When a forest, narrowed to an atom of subset algebra, turns out to be a tree
Vasily Buslov
TL;DR
The paper proves that the restriction of a minimal-weight $k$-component directed spanning forest to any atom of the subset algebra generated by the vertex-sets of trees in $k$-component minimal forests is itself a tree, while noting this property does not hold for forests with fewer components. It develops an arc-replacement framework, constructs subset algebras and their atoms, and analyzes convexity inequalities between minimal forest weights to establish a main theorem via a contradiction-based proof, with careful treatment of labeled versus unlabeled atoms.
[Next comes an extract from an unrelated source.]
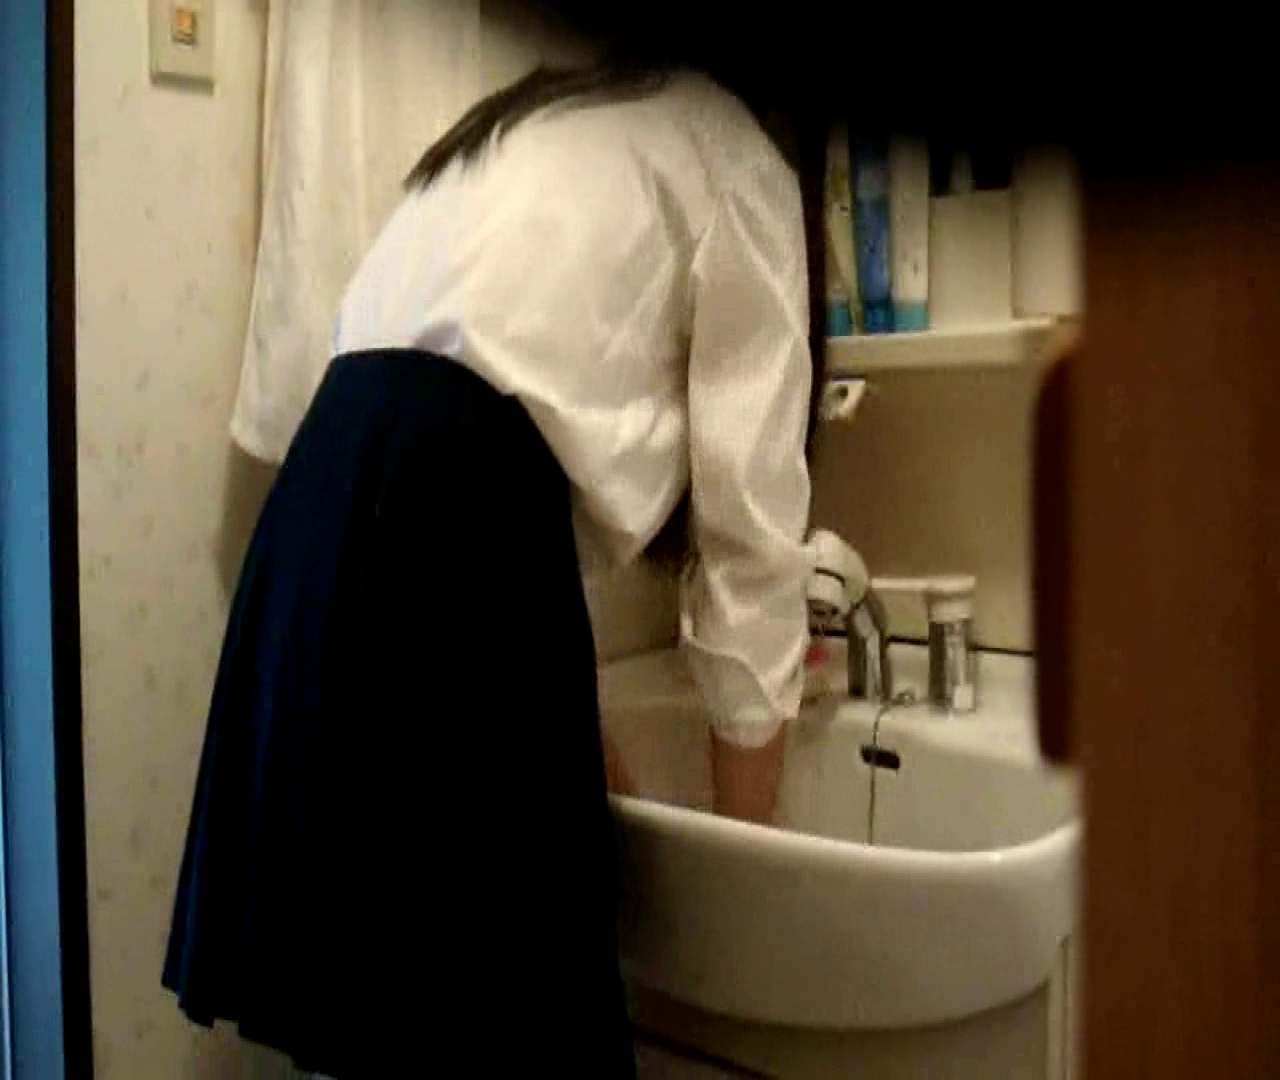 二人とも育てた甲斐がありました… vol.05 まどかが洗顔後にブラを洗濯 HなOL | 0  98pic 23

The work further shows how these results extend across algebras, simplifies in unweighted and undirected cases, and connects to diffusion-type Markov chains under small perturbations by enabling reduced-state representations via atomic trees and minimal forests. The findings provide a structural decomposition that facilitates computation of minimal forests and informs the analysis of limiting dynamics in stochastic processes, with potential applications in combinatorial optimization and coarse-grained Markov models.
Abstract
It is proved that the restriction of a $k$ and $(k-1)$-component directed spanning forest of minimal weight to an atom of the subset algebra generated by the sets of vertices of trees of $k$-component minimal spanning forests is a tree. For spanning minimal forests consisting of fewer components, this property, generally speaking, does not exist.